# Metal Entrance Disk Improvement



## odfrank (May 13, 2002)

I find the grip that comes with the metal entrance disk to be hard to grab, especially when you are closing it with mean guard bees or opening it after bringing it back to the yard and bumping it a few times. So I added a bigger grip.

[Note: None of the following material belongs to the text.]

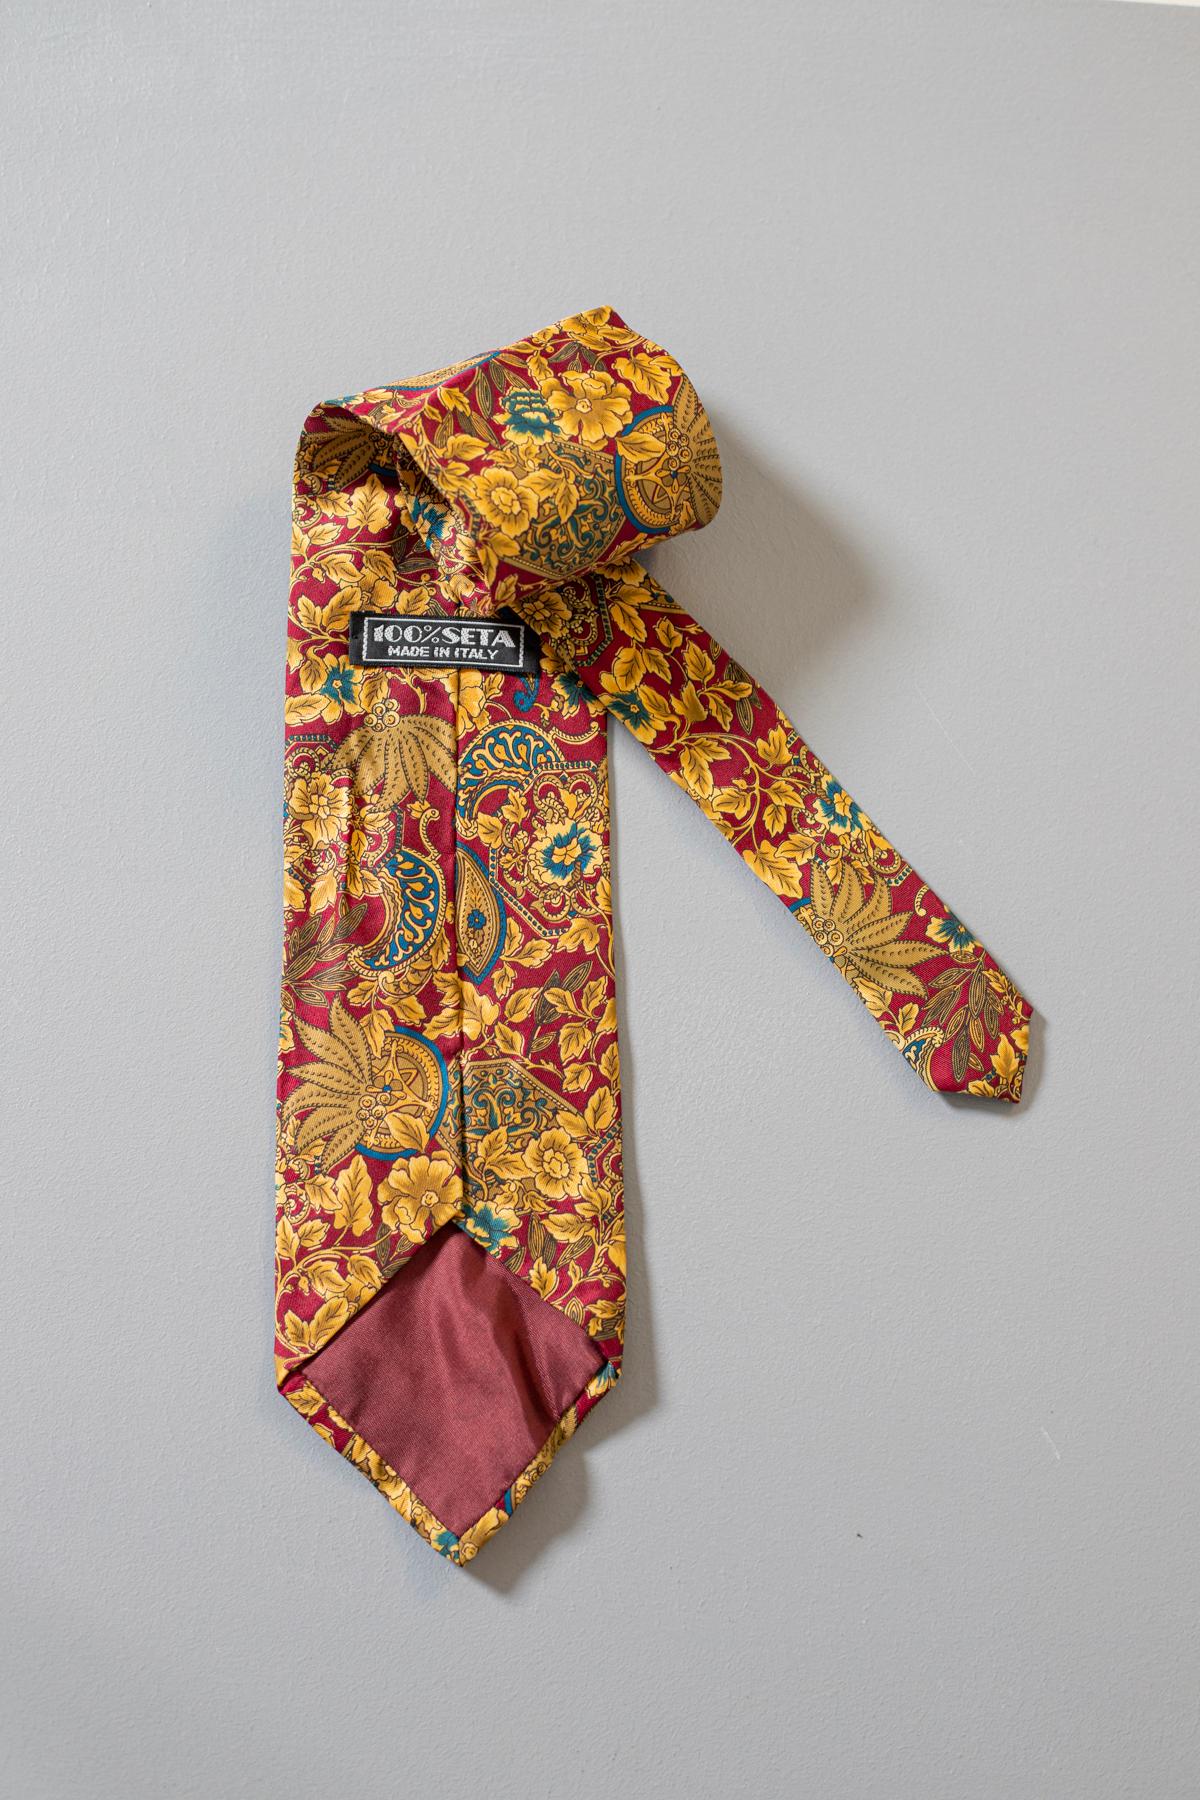 Multicolore, excentrique et élégante, cette cravate est de fabrication italienne, elle est composée de 100% de soie. Véritable evergreen, cette cravate est intemporelle, ornée de motifs cachemire dorés avec quelques détails bleus sur un fond rouge.

I set the disk it on my vise opened just as wide as the grip, and banged the grip out a bit with a flat point chisel. I then threaded in a key chain ring, or in this case a whole key chain. One friend asked "Oh, are you locking your bait hives now?"


----------



## Saltybee (Feb 9, 2012)

Kind of big for your Pandora bracelet.

Nice addition, they way they should be made.


----------



## JakeDatc (Apr 19, 2010)

That would be one gas station bathroom keychain... you steal the key, you're stuck with angry bees!


----------



## wirenut501 (Apr 29, 2013)

odfrank
What size hole do you drill for your entrance?


----------



## mathesonequip (Jul 9, 2012)

real good idea


----------



## odfrank (May 13, 2002)

wirenut501 said:


> odfrank
> What size hole do you drill for your entrance?


1 1/8". 
Sloped down to the outside, with hole saw and then some sanding.


----------



## odfrank (May 13, 2002)

mathesonequip said:


> real good idea


Thanks, though it took me about five years of fumbling before I came up with it. No I have to do the same to about 20 old traps and unused disks.


----------



## toekneepea (Jul 7, 2010)

Sent a PM to odfrank about this, but couldn't follow up and send a thank you to his reply - so I thought that I'd post it here.



odfrank said:


> I went to just bending out the little handle with a punch so that I could grab it or push it with my hive tool. I also put a circular copper wire on a few.
> 
> 
> 
> ...


----------



## mrobinson (Jan 20, 2012)

I guess I ought to be embarrassed to say that I don't use disks. I drilled three wine-cork sized holes (in the side) and plug a couple of 'em up with wine corks. Done.


----------



## sakhoney (Apr 3, 2016)

I loosen the screw - then place my hive tool on the nub and bump it into place and retighten the screw


----------